Photo Credit : stepawayfromthecake.com

It’s easy to chart what you need to do to improve your church. It is exponentially harder to actually accomplish it. On paper it may look easy to hit those milestones and measures, but when you throw in the personalities and agendas of all involved, things can get quite messy.

At this point, you’ve probably learned nothing you didn’t already know. In stating the obvious, we need to look at  what makes the difference between a church that is doing a lot of “good things” versus one that is making great gains for The Kingdom.

Define the purpose of your meetings. Are you having meetings simply to schedule the next meeting? Are you forming committees for the purpose of having another committee? Most of us have been in those endless meetings that have plagued our workplaces with equally endless and vague names and processes. Please don’t make us endure that at church too. We already have too mant of “those meetings” on our calendar.

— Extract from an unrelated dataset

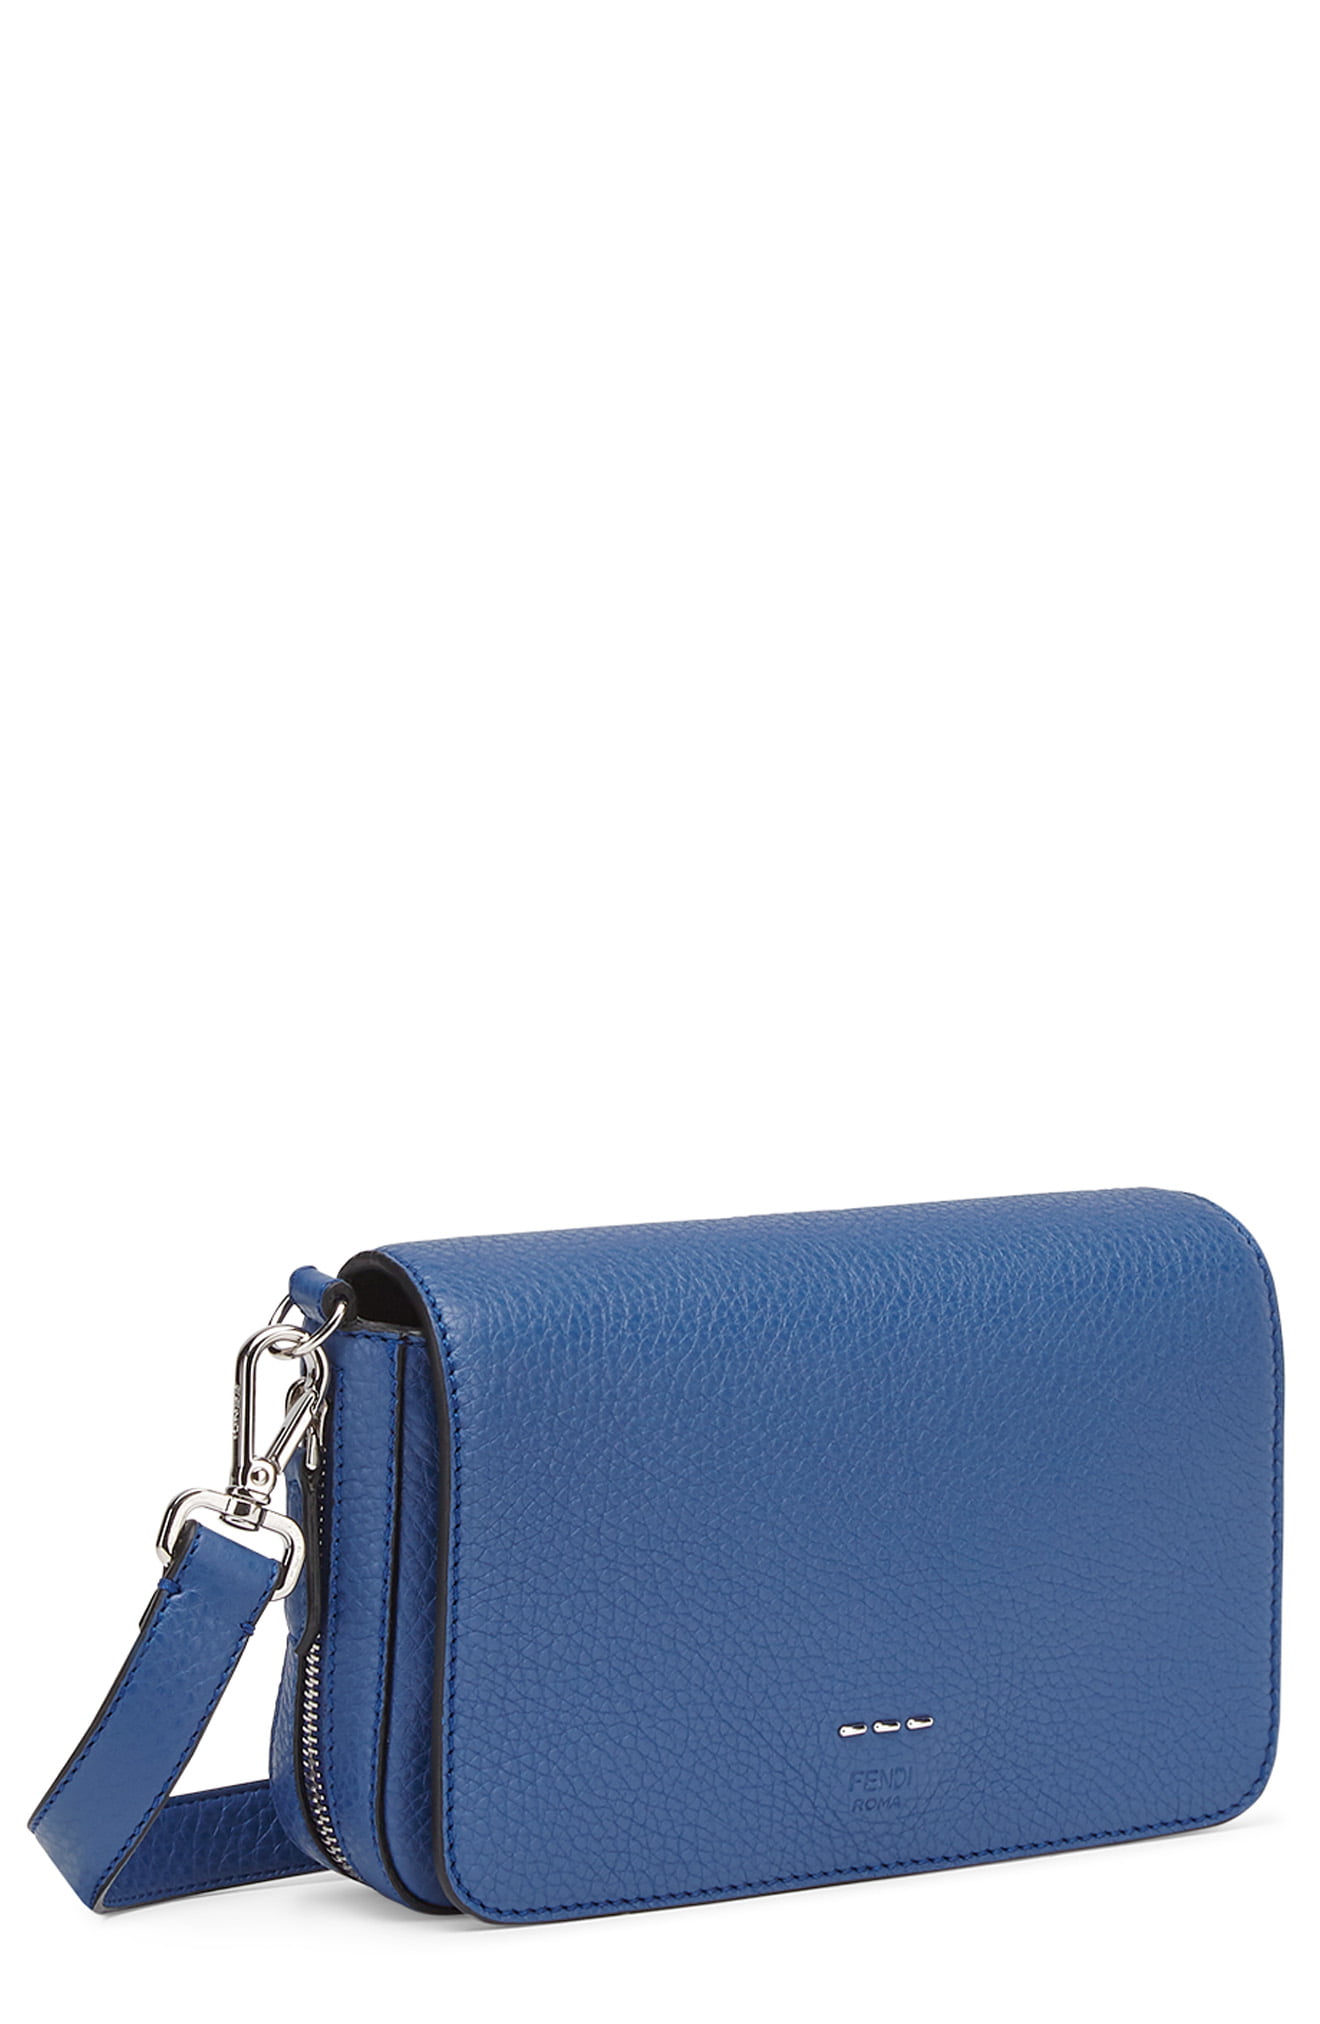 Fendi Mini Leather Messenger Bag - Blue

Define the purpose of your ministres and programs. In college, I went to a church that had an “Old-School-Texas-Fundamentalist-Pastor (in that order)”. He had an awesome statement that defined what the church did and didn’t do – “Aim at Nothing, Hit it every Time!” We often have those meetings where we start (or copy) a “program”, not entirely being sure what it’s supposed to accomplish or how it fits the overall vision of the church. Bottom line is this – if you don’t know what it’s supposed to do, it might not be a good idea to start doing it…

Define who you really are. You are not Saddleback. You are not Willow Creek, LifeChurch, or any other Mega Church. That’s ok. Be the church that God has called you to be in order to reach His people in your area. Stop trying to be a copy of someone else that God has designed to reach a different group of people in a different context. Note that it does not give you a free pass from being excellent in striving to do great things to impact the world and show them God’s Glory.